(DATA SECTION)
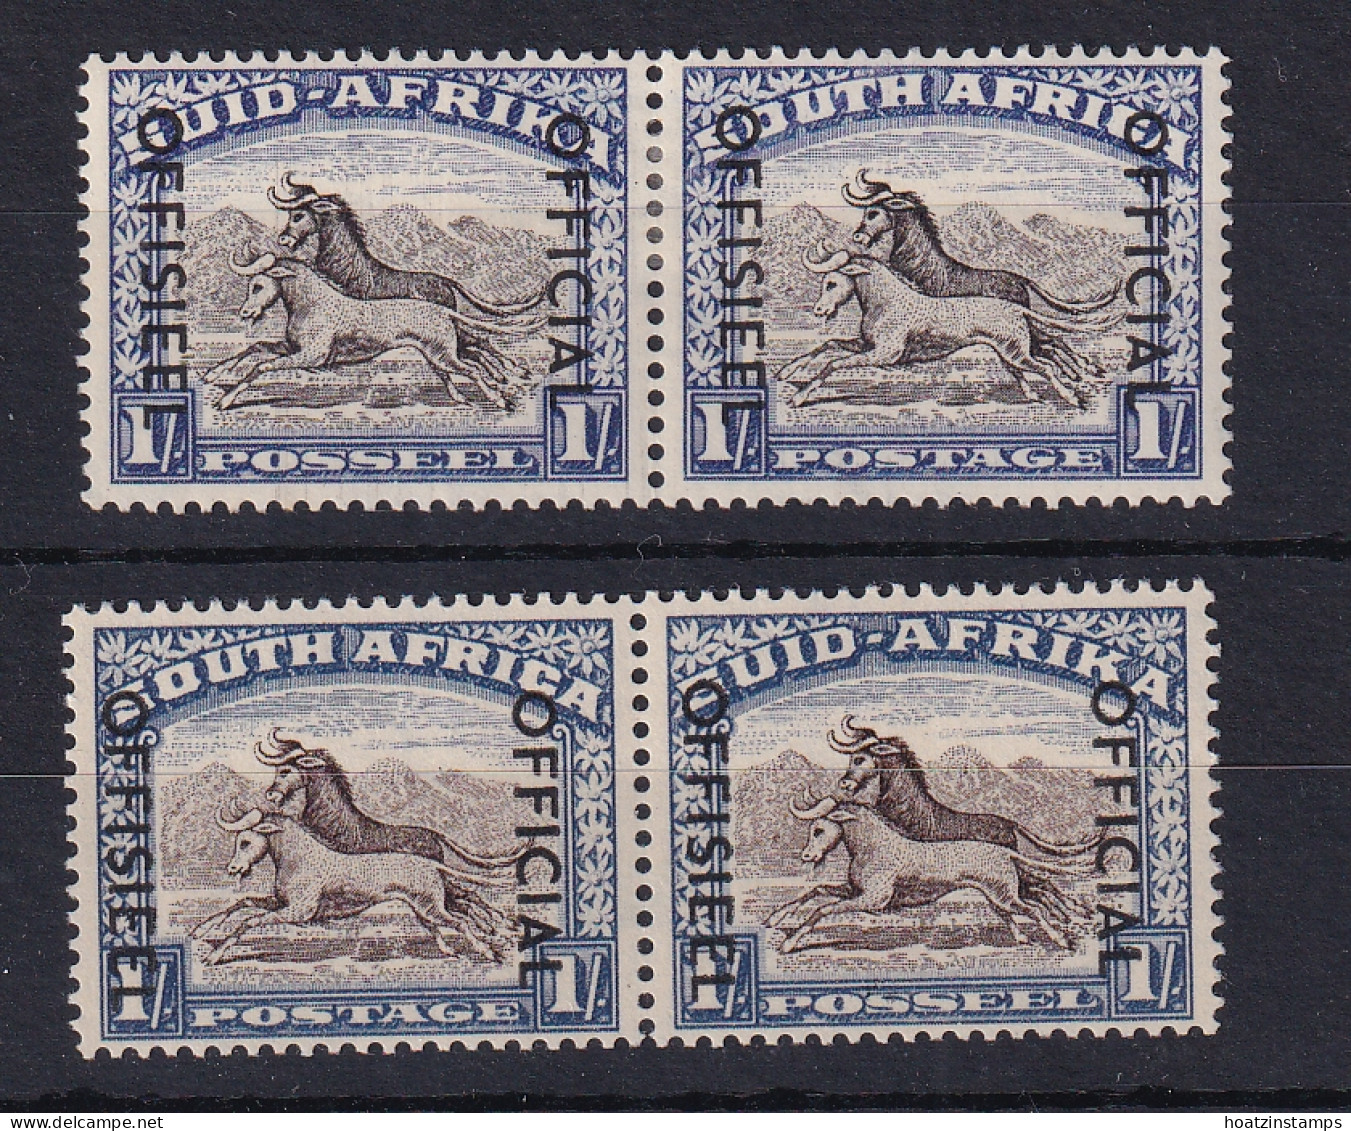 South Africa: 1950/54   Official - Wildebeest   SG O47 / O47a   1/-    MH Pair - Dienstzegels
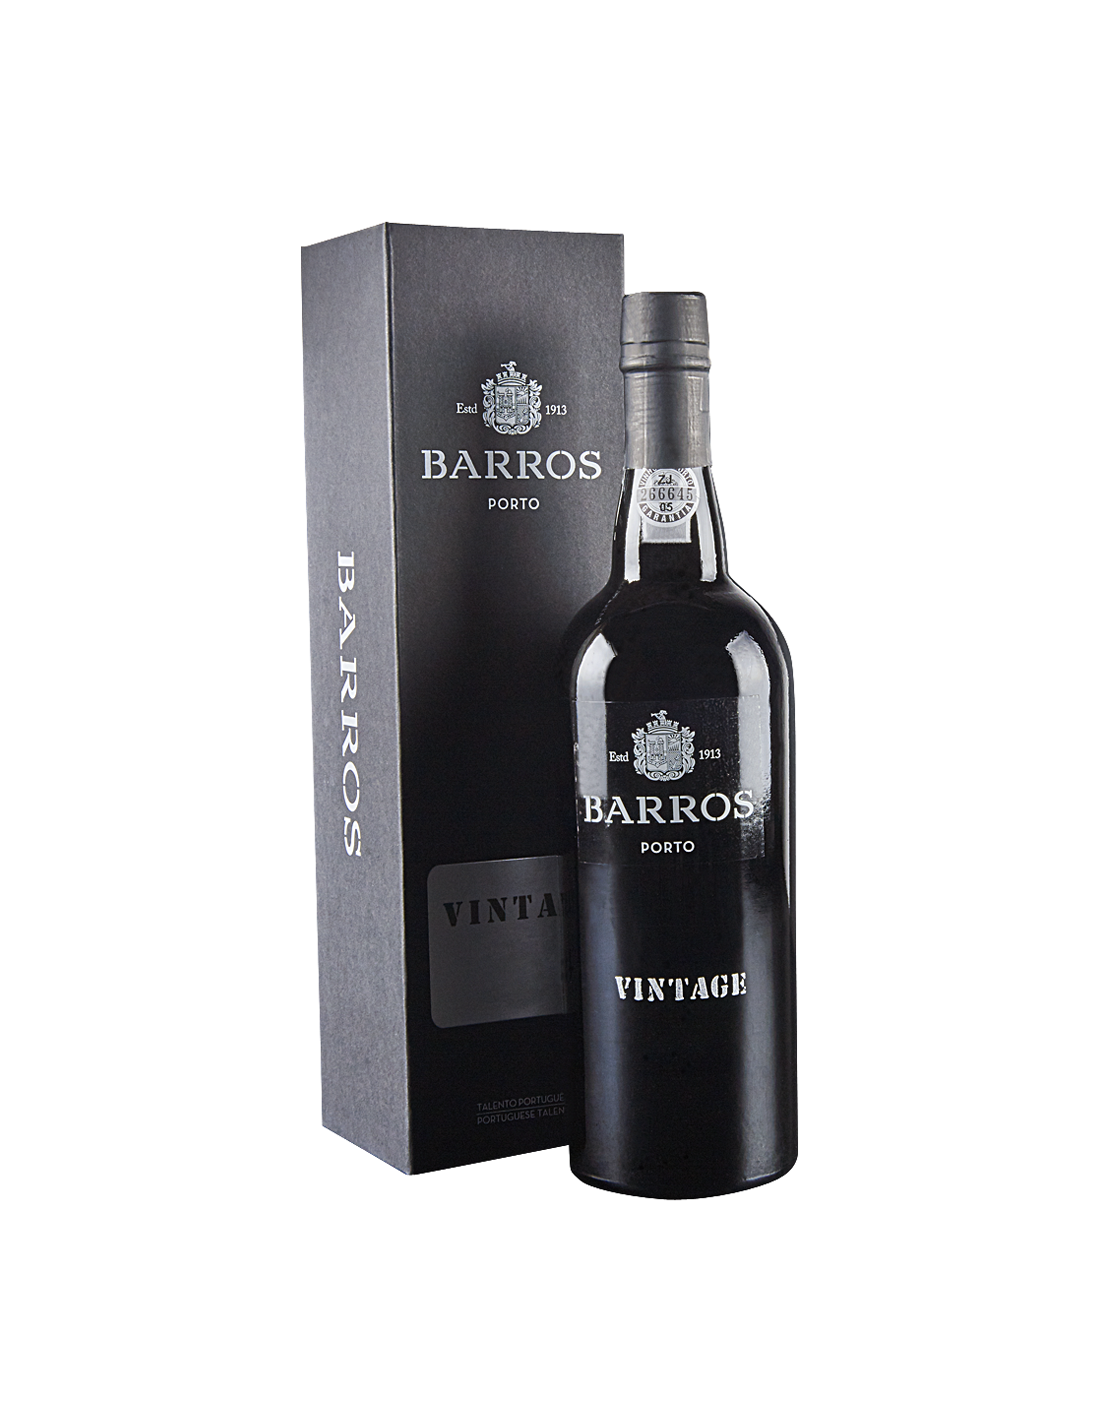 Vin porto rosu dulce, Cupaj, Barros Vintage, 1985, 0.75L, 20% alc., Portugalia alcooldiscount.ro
(End DATA SECTION)
(DATA SECTION)
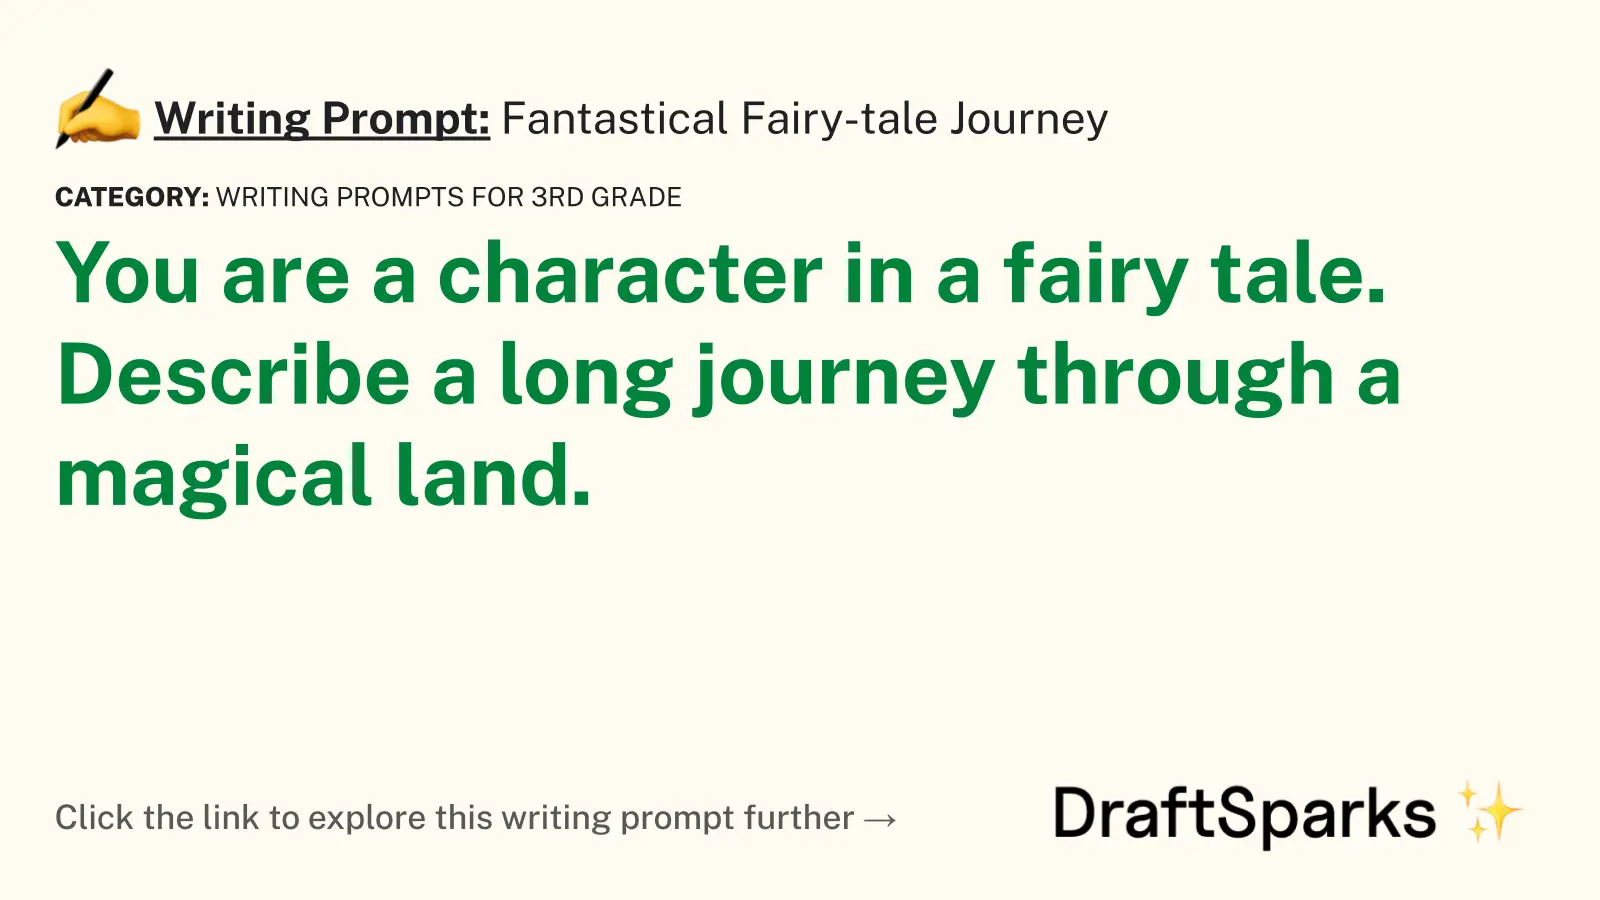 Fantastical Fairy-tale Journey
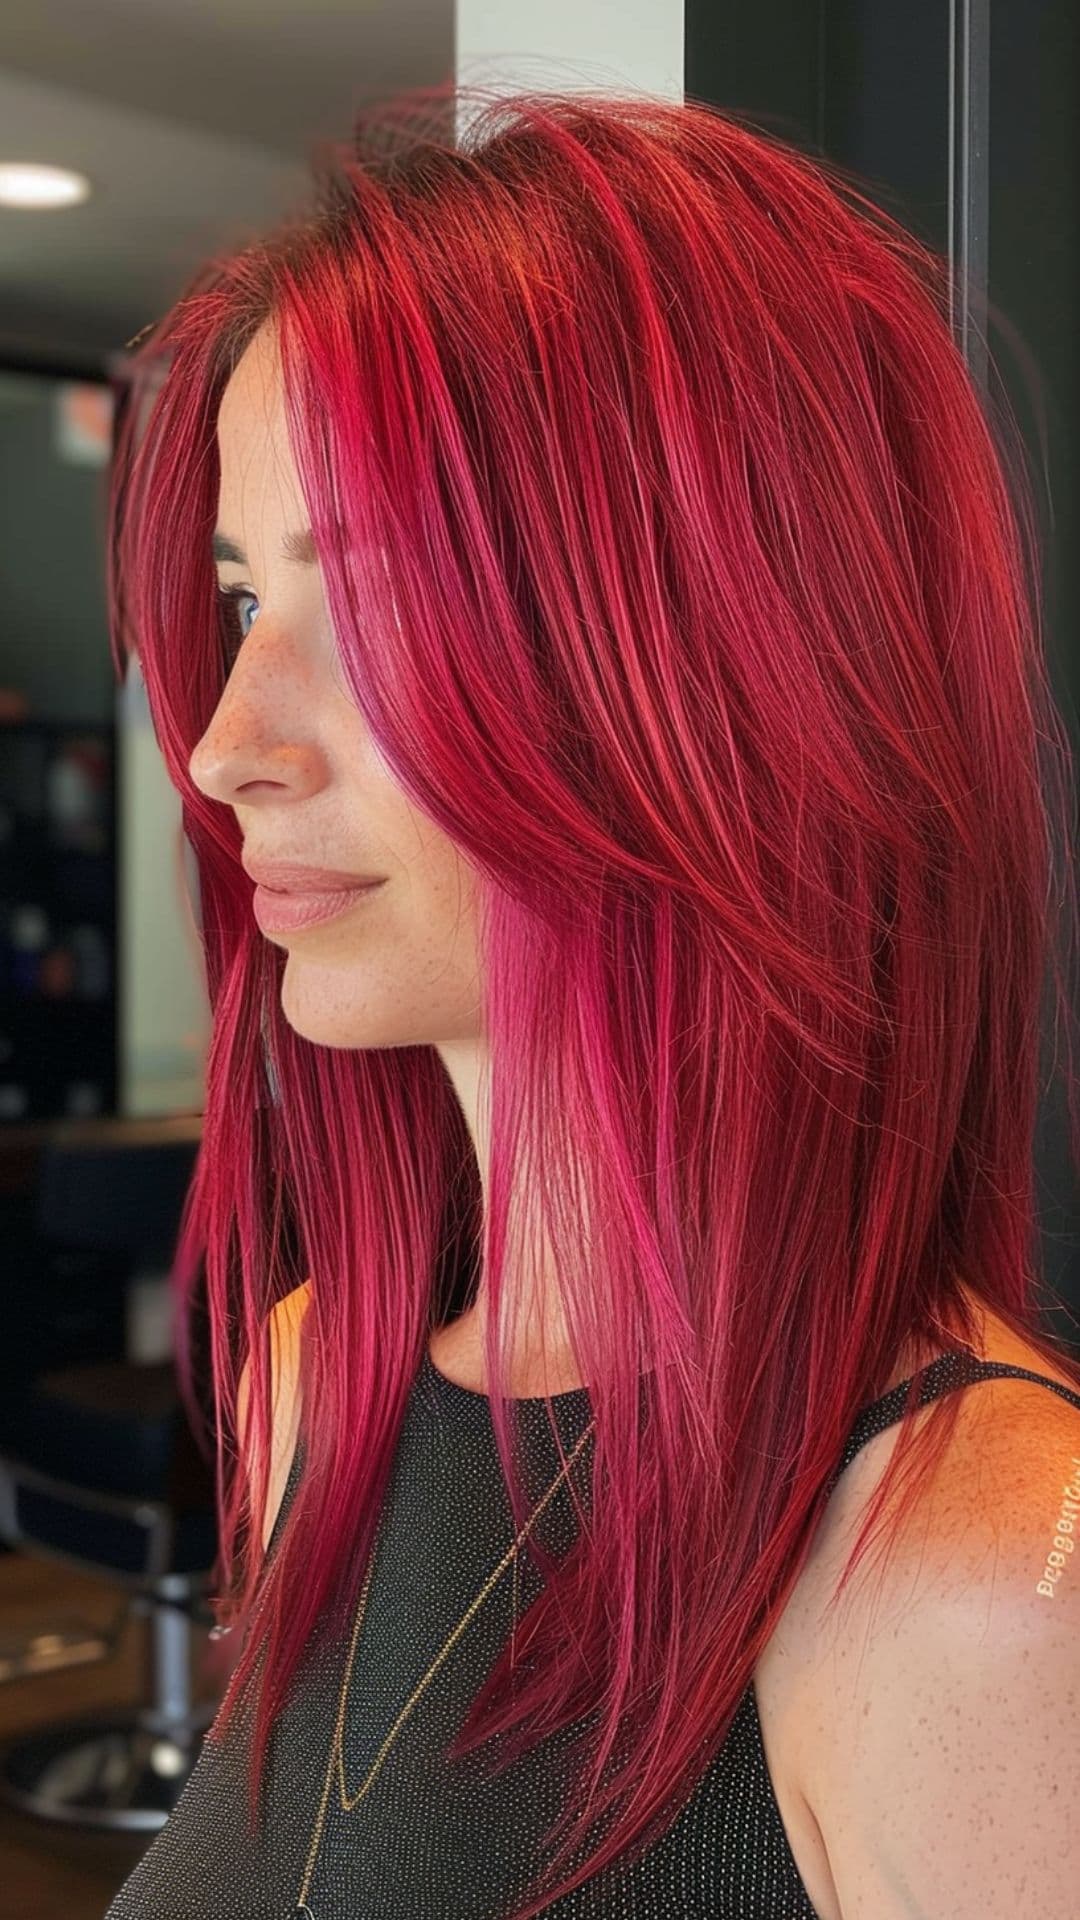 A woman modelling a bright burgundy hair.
(End DATA SECTION)
Output exactly the lines of the listing above that start with the one holding "South Africa: 1950/54" and go on through the one holding "Vin porto rosu"; leave the pictures out.

→ RESPONSE
 South Africa: 1950/54   Official - Wildebeest   SG O47 / O47a   1/-    MH Pair - Dienstzegels
 Vin porto rosu dulce, Cupaj, Barros Vintage, 1985, 0.75L, 20% alc., Portugalia alcooldiscount.ro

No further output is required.